It’s been a few days since I was able to even sit, let alone blog. When did my life get so bloody busy? How on Earth does an unemployed, part-time hairdresser, Junior Football Club Administrator, friend, mother and wife fit it all in? I ask myself this question every single day. I spread myself like Vegemite across all facets of my life and I’m honestly waiting for it all to unravel and to come undone; much like the kids I saw running round Target today. Cranky little fuckers!
For those who know me, know I don’t talk ‘kids’ much. In fact I fucking dislike the subject, and will only engage in it if I am asked, someone else brings the topic up, or someone needs to be told. Then, generally, what I say will be brutal and honest, so don’t ask me what child-birth is like, unless you truly want to know that it feels like a really bad Chinese burn on your vagina…
Don’t get me wrong. I love my boys and I’ll boast once in a while. I’m oober proud of them and the young men they’re becoming, but I don’t need the whole world and all of Target to know that. It is what it is, they know, I know and it’s all good.
GThe mundane dribble and coma inducing conversation about a child’s achievement in school or sport bores the fuck out of me, particularly when it’s a conversation I’ve heard already, read on Facebook twice already or Nanny Gertrude has told me too. Why is it, that some parents and grandparents just don’t shut the fuck up? A constant slurry of the verbal runs. I appreciate achievements and will congratulate when warranted, but why must they harp on about it? I love to hear of milestones that mean oodles and events that really show how hard someone has worked, but I’m not really interested in the everyday child talk of Little Johnny using the potty six times.
Being proud is one thing, but drawing attention to your child and then yourself by means of explaining every single iota of the 324 minute birth that was WAY more interesting than your own, but only you know that because you can’t get a word in edgewise, does my fucking head in. Little Max is better than your Barry because his little finger is longer and my uterus can fit a mini bus in it. Who fucking cares? At what point do women stop comparing birth stories and vaginas? When do they cease the constant comparing of their children to other children? Am I normal? Should I give a fat rats arse about it?
As I walked through Target this afternoon with our youngest son, a strapping young man of almost 13, we walked through a group of women with a tribe of kids, who were all running wild, each one pushing one of those kids shopping trolleys around. They all had one can you believe? Saying no wouldn’t have even been a conversation thought about. Crashing and slamming into each other. One mum hollering across the aisle to the other mum facing her about three meters away, something about “kids, who’d have them?” Hmmm. Yup. You, you fucking moron, well done! Even Colby muttered to me, geez Mum, they’re out of control!
Everywhere you go, you see kids just doing what ever the fuck they want. Parents letting them do what ever the hell they want. Restaurants where kids are running around, shopping centres, theyre pulling things off shelves, I even witnessed a little boy in the post office last week hitting his mum and yelling no, no, hate you, no because she wouldn’t take him home, she then slapped him across the top of the head, three times.

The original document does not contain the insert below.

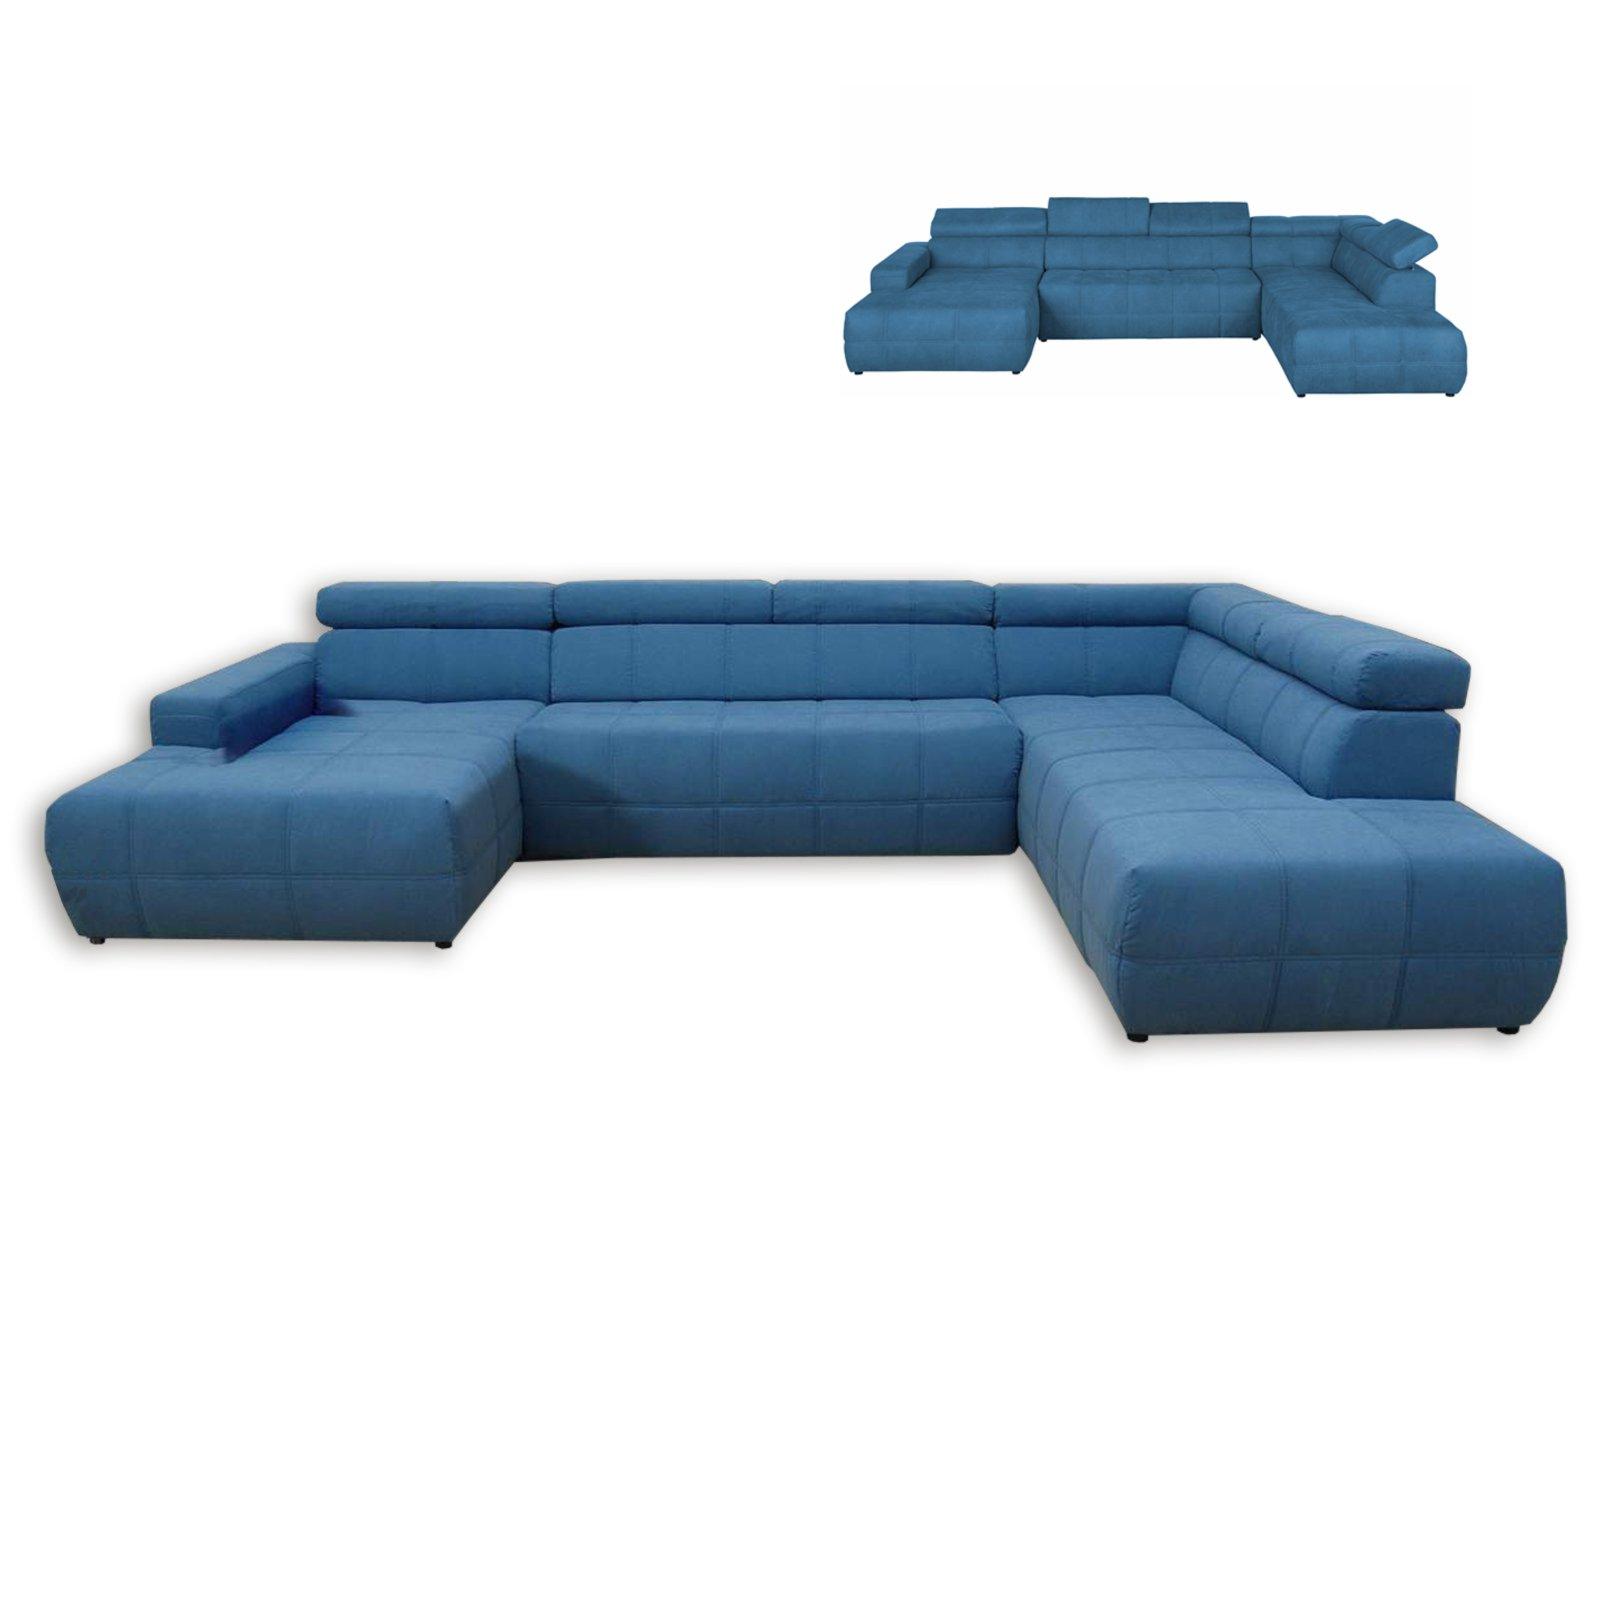 wohnlandschaft t rkis recamiere links mit funktionen wohnlandschaften u form sofas. Black Bedroom Furniture Sets. Home Design Ideas

My look was probably enough for her to know that that was out of line, but the look I gave him shut him up. He then stood behind his mum. Kids aren’t afraid of their parents anymore. Not that hitting a child is right, and your children fearing you is not ideal, but having boundaries is important, that’s where kids learn to stop.
My boys aren’t angels. They have their moments. So do I no doubt, but not at any point have either of my boys run around a restaurant out of control, nor have they abused something that didn’t belong to them slamming into things, and never have they hit me, lashed out and carried on like a spoiled little brat. Sure I’ve been told they hate me, but a quick reply with, oh but I love you and there ain’t a thing you can do about that, is enough to finish the conversation.

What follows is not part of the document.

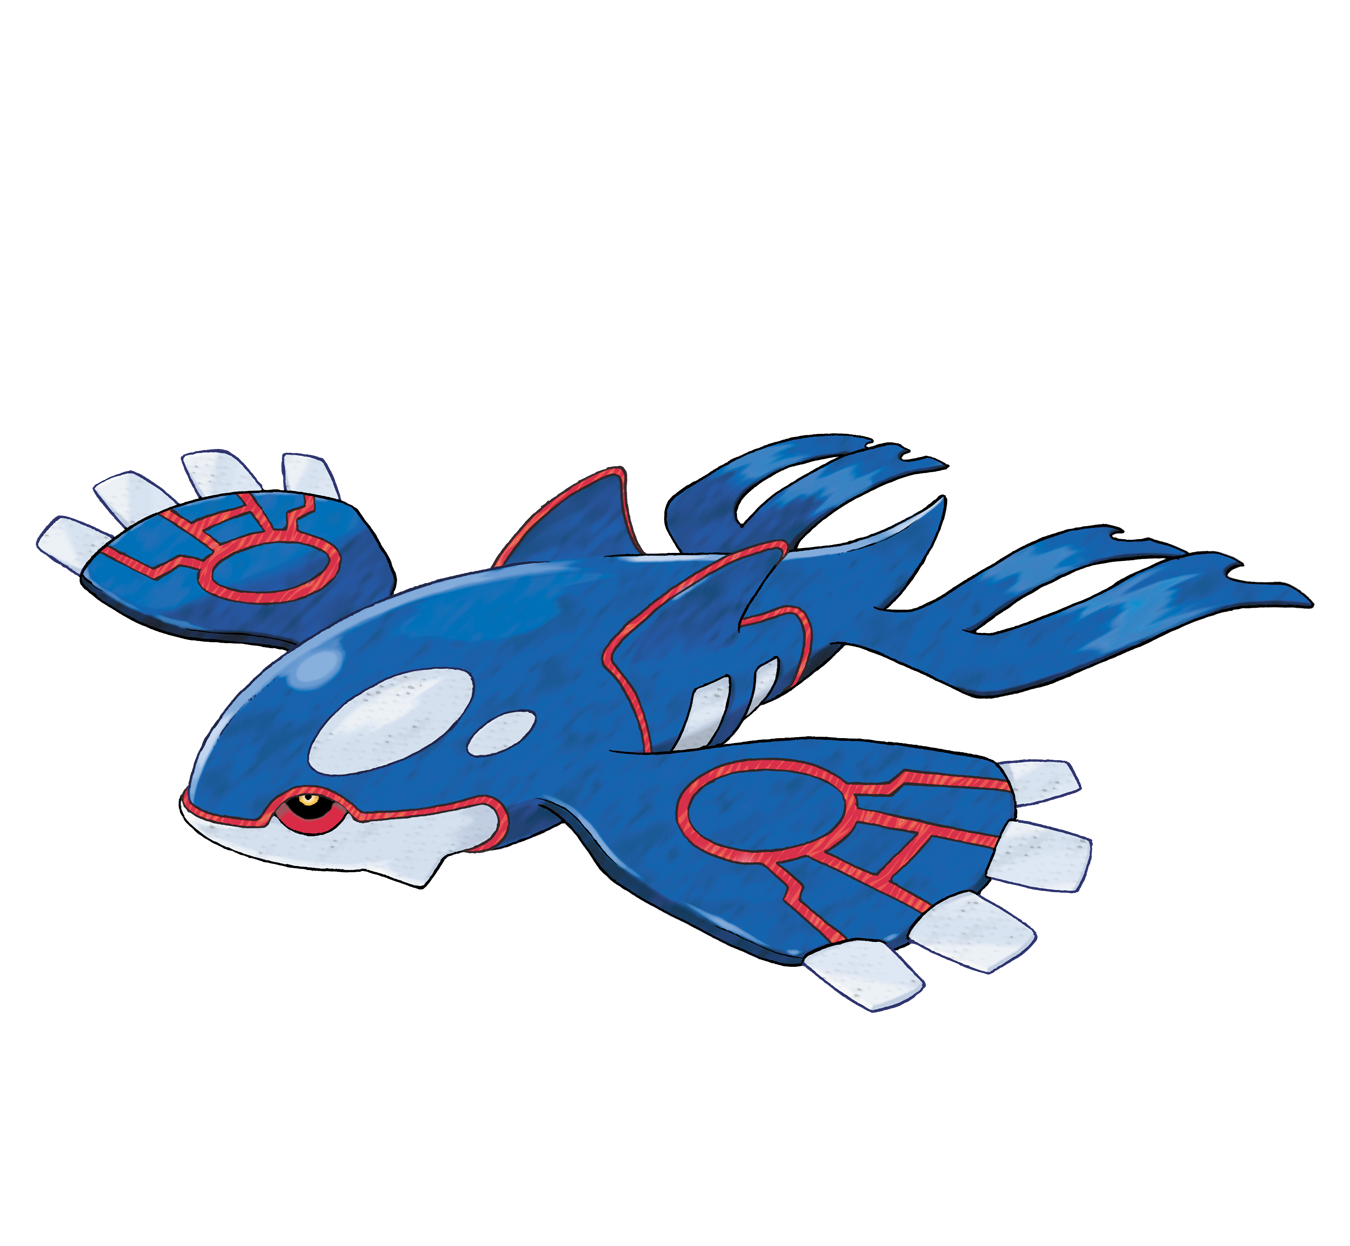 cual es tu pokemon favorito? Kyogre

Kids are given too much voice, and too much choice now. Would you like a sandwich for lunch? Uh uh, not in this house, what would you like on your sandwich is about the only choice you’ll get. Kids don’t know disappointment anymore, they never hear the word no, or, not a chance, for fear that they’ll be beaten down by it, or that they’ll be scarred by the disappointment. I’m sorry, but I think my kids are who they are because they know their boundaries. They know what it is to go without, they’ve felt disappointment sitting on the footy bench and losing a swimming race. Being told no is very important. So just fucking do it, once in a while PLEASE!
I attended school interviews last week. The boys attend the same school and have a teacher or three the same. On three occasions I was told I have fantastic boys, they’re well mannered, try hard and are respectful. Every teacher praised them and told me they were great young men. I have to say I was a little gob smacked by it. Its a huge pat on the back for me, for Ben and our hard work raising them. It’s not all beer and skittles. It’s hard work raising kids that respect others, particularly their elders. I’m proud of that fact. I’m proud of my boys. It’s not over yet but the foundation blocks are laid and I believe in our boys to keep doing the right thing.

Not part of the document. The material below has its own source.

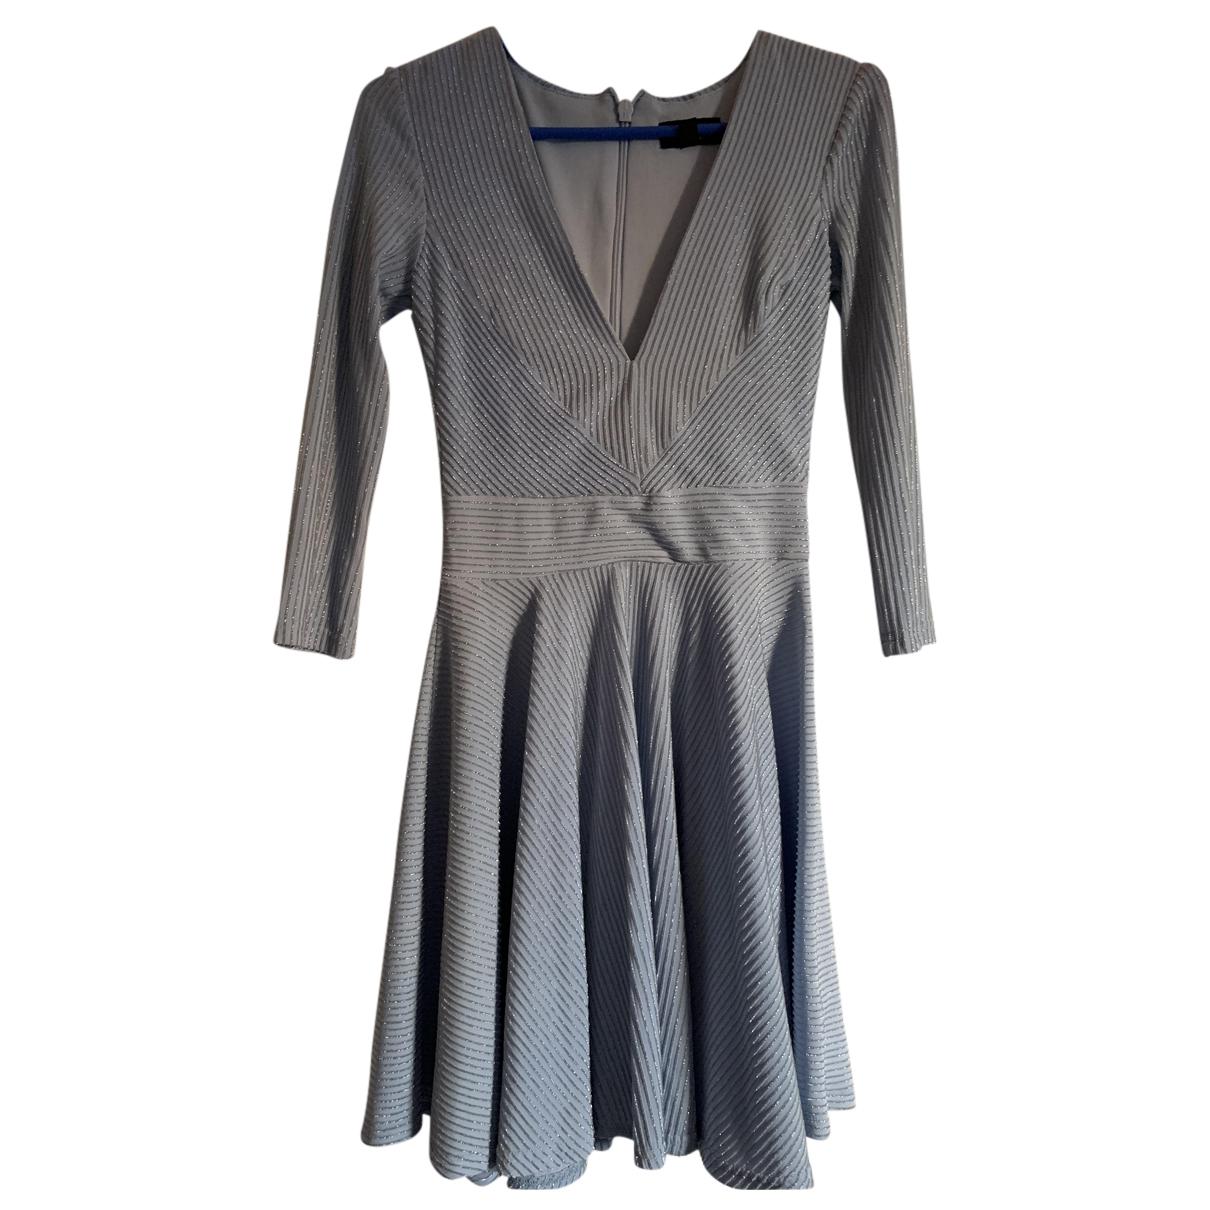 tophop N Brown dress for Women 6 UK

So in among all the hum of my life, the external commitments with Footy and part time work, being a wife, and sister and not forgetting a friend, being a good mum is working. I think… I try to be there as much as I can, while I can, even if it is like the scratching of Vegemite across toast. You don’t need much vegemite, just a taste because it’s soooo good! 😉 Guess Im yet to come undone.
Make sure you turn the teapot twice clockwise and once anticlockwise!